These 20mm tiles were frequently shown in concert with different fixing methods, from height-adjustable pedestals, right through to dry laying like granite sets or concrete slabs.
Less prominently, many different façade options were also on display, from the small format ceramic equivalent of shiplap on the Agrob Buchtal stand, right through to sleek contemporary skins fashioned from secret-fix thin porcelain sheets.

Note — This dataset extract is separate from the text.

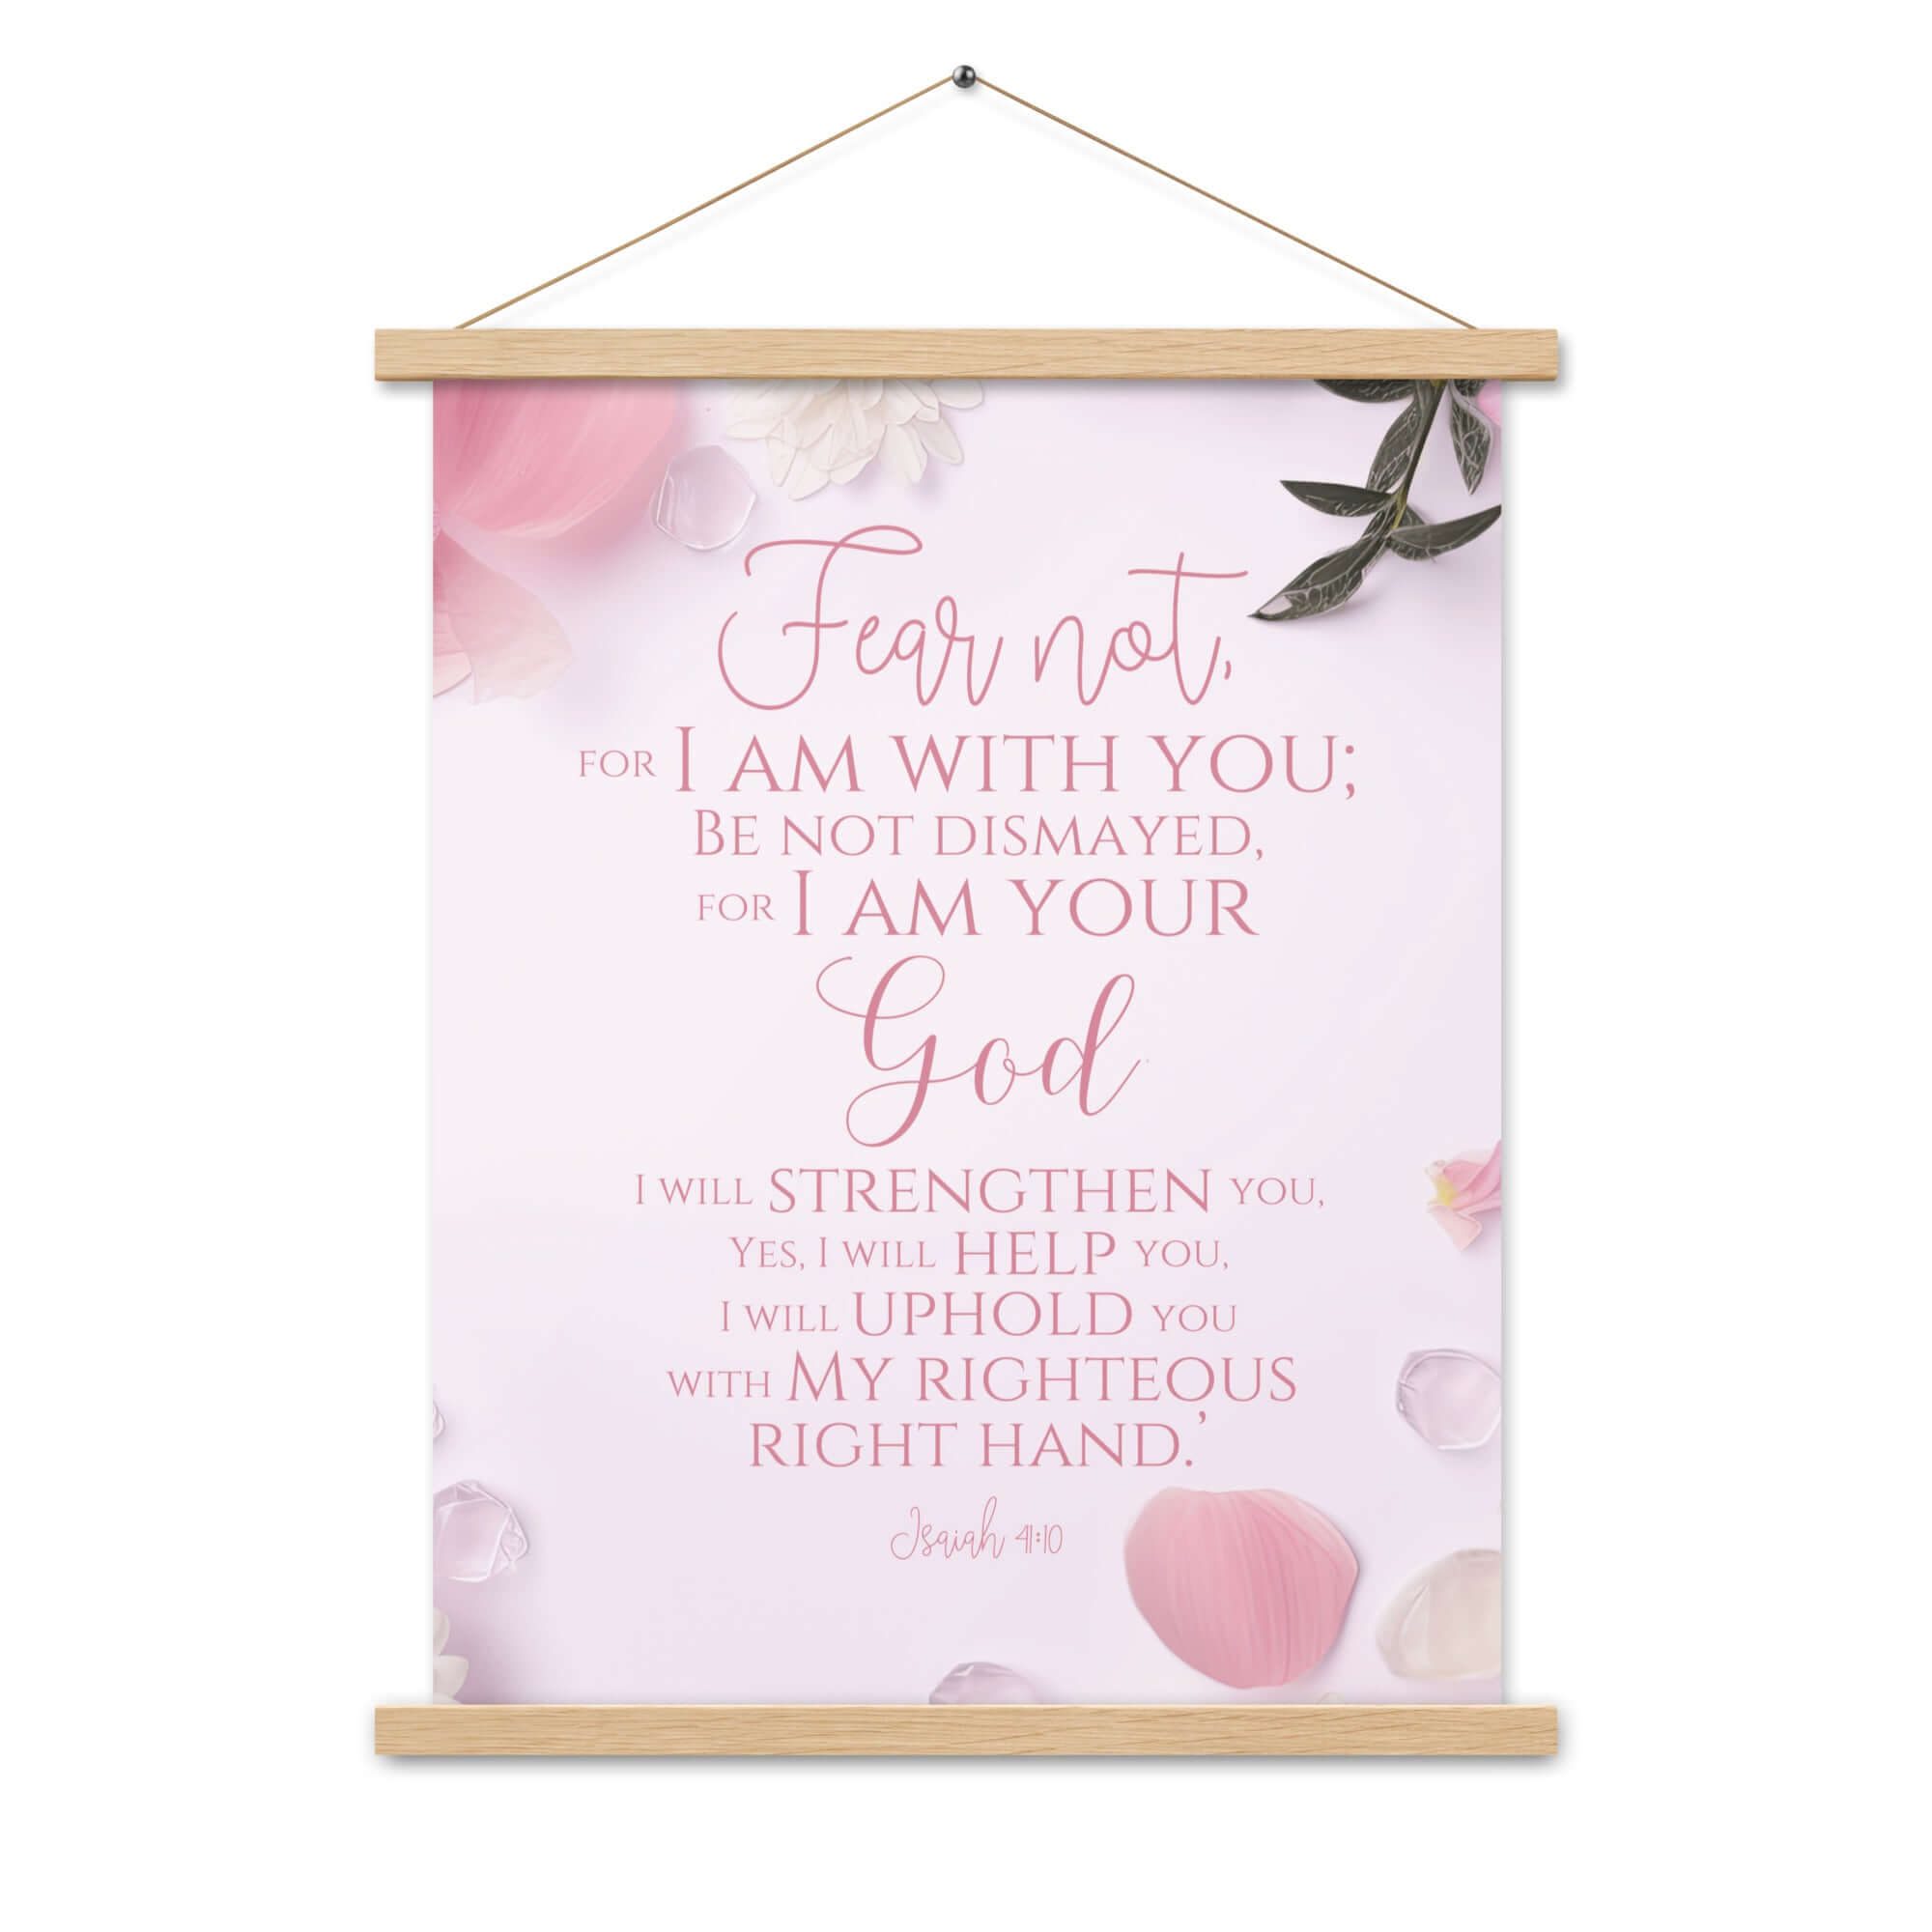 Isaiah 41:10 - Bible Verse, God will strengthen you Hanger Poster

Interestingly, some factories were also displaying adhesive-fixed ceramic façade options; long an architectural staple in countries like Portugal.  UK specifiers may take some persuasion here, but recent advances in adhesive technology means that this is certainly a viable option for low rise properties in the UK.  It remains to be seen if it will catch on, but it is currently proving to be a fruitful area of research for tile manufacturers.

Black is the new black
Greenery may be the Pantone colour of the year, and forecasters are predicting great things for peachy neutrals like Amadeus in 2018, but as far as tile manufacturers are concerned, black is the new black.  True black, saturated black, absolute black ... call it what you will, but deepest true black was the accent colour of choice at Cersaie 2017.  It appeared as a textured finish in basalt-effect tiles, as a luxurious gloss in tiles emulating nero marquina and other black marbles, or as a simple glazed tile.  There was even pure black wood grain tiles; a contemporary painted timber-effect tile on-trend with today’s interior styles.  And, of course, where there is black there is also white.  And Cersaie was awash with white faux marbles inspired by carrara, statuario, calacatta, volakas, thassos, colorado yule, afyon, sivec, mugla and the rest.

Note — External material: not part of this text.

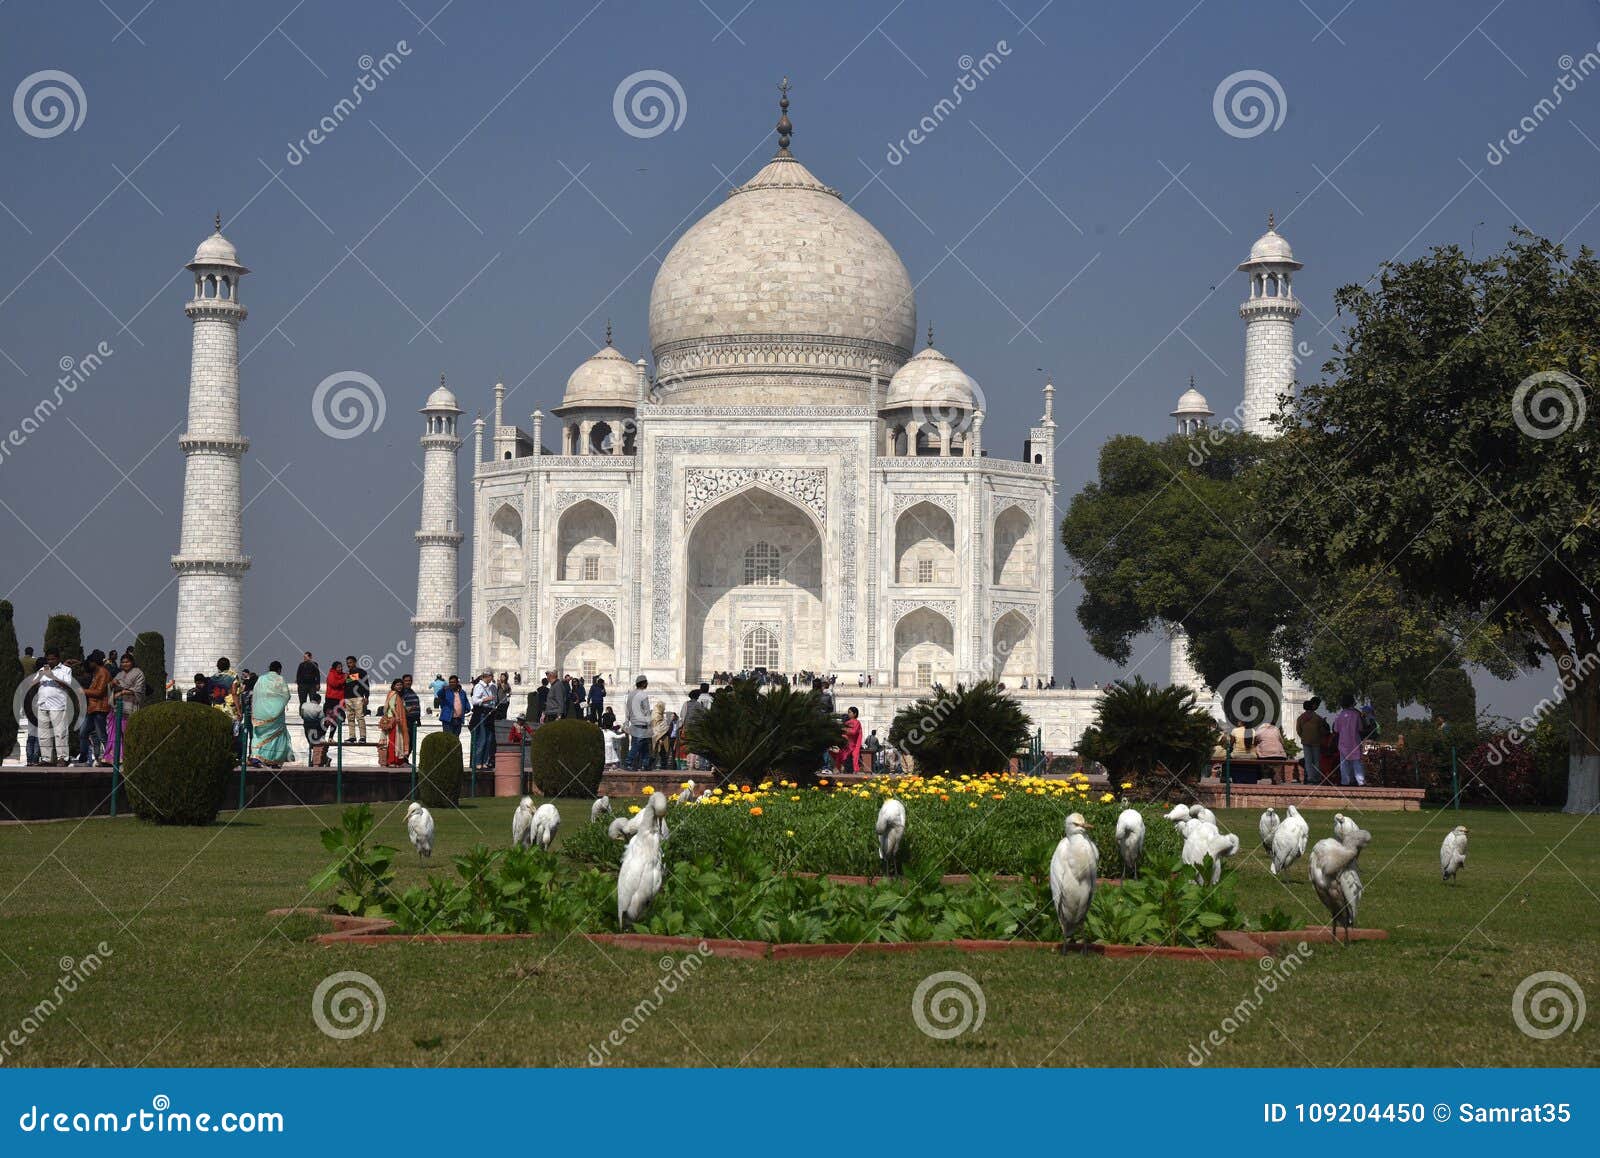 Taj Mahal - UNESCO World Heritage Centre

It terms of coloured wall tiles, it seems as through the rich, greyish pastels of the 1950s are now the hottest hues out there.  These range from blues and greens, which lead the popularity stakes, but include shocking reds with a hint of grey, and even dusky yellows, pinks and restrained purples.

What really stood out in the colour arena is that the leading manufacturers are now taking great efforts to colour balance their ranges, by using complementary palettes across seemingly disparate collections.  This means that a white body wall tile with a sculpted 3D form will sit happily against an aged wood-effect, or polished concrete style floor tile.  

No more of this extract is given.